Again, no one poured anything on his head. Someone did call him a fascist—but it certainly wasn’t a Casablanca moment, drowning out the Nazis as they sang their anthem with a rousing rendition of the “Marseillaise.” Really, these people should not be allowed to eat at any restaurant.
But there was no cost to the DSA or the people who yelled at Miller. Stephanie Wilkinson, the owner of the Red Hen, in Lexington, Virginia, put her own livelihood on the line when she asked White House spokesperson Sarah Huckabee Sanders to leave. The MAGA mob has attacked her online and the Red Hen was closed the next night.
“Give me my Sharpie”
Trump loves to put his name on things. Before he came to office, licensing his name earned his company $59 million. Last week, he held a press conference with the families of 14 people who had been killed by illegal immigrants. The family members held large photos of their lost loved one—signed by Trump.
Clearly, Trump held the event to try to change the narrative about immigration. He was using these people’s pain for his own gain—with the promise that it would help them.
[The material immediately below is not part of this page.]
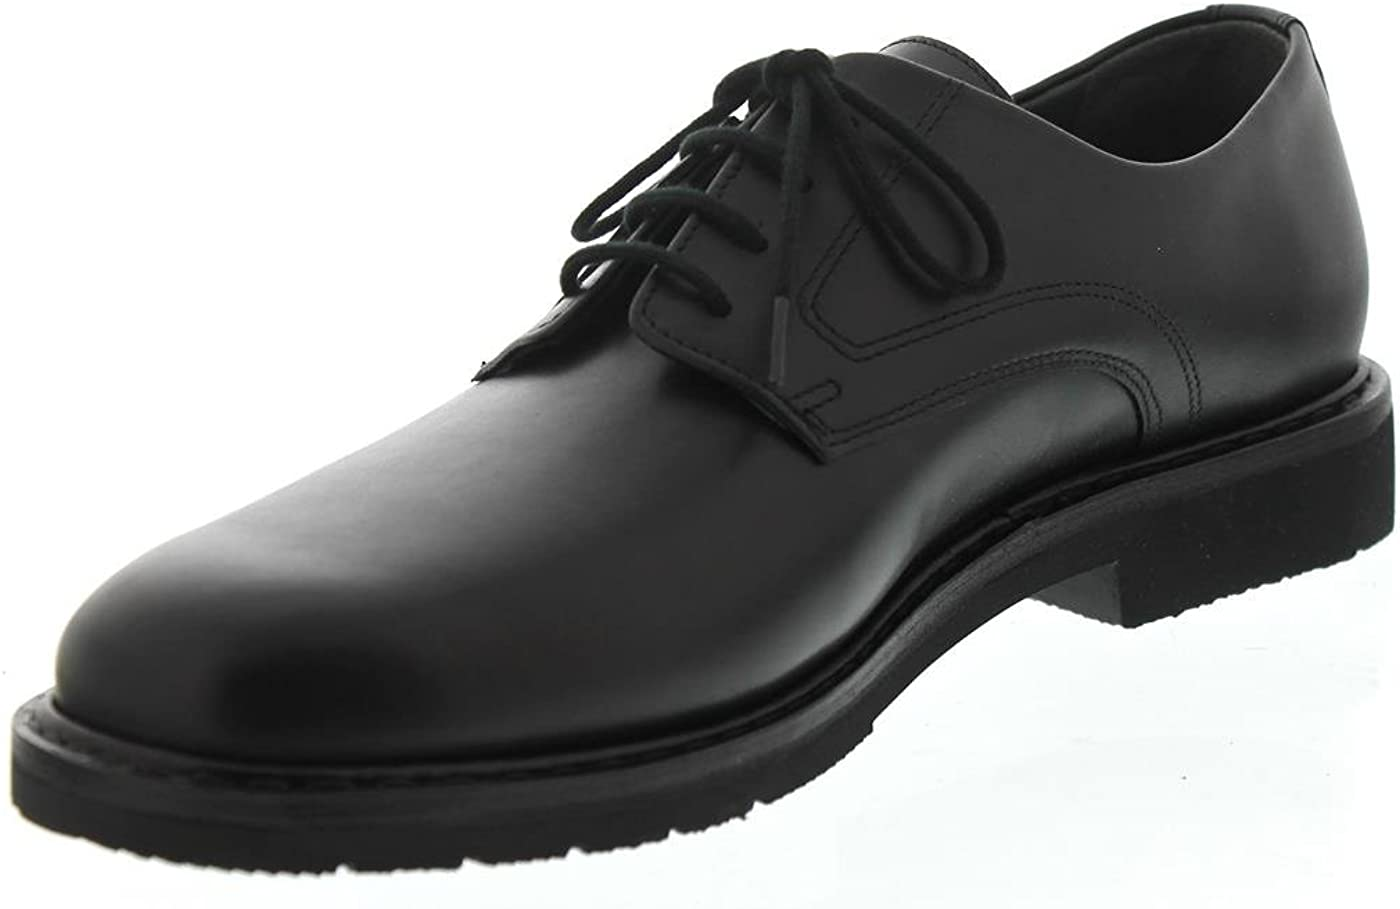 Noir Chaussures MARLON 46-11.5 Mephisto

This is how politics work. But you don’t want to draw attention to it. Unless you are Trump. So you stand up there with them and you still make it all about you—and the media.
“Where is the media outrage over the catch-and-release policies that allow deadly drugs to flow into our country?” Trump asked.
Then on Sunday, he went even further on Twitter. “We cannot allow all of these people to invade our Country. When somebody comes in, we must immediately, with no Judges or Court Cases, bring them back from where they came.”
By the end of the week, Trump had bombarded us with such a feast of absurdity that he had created a hall of mirrors, in which he hoped the sound of those crying children would be lost.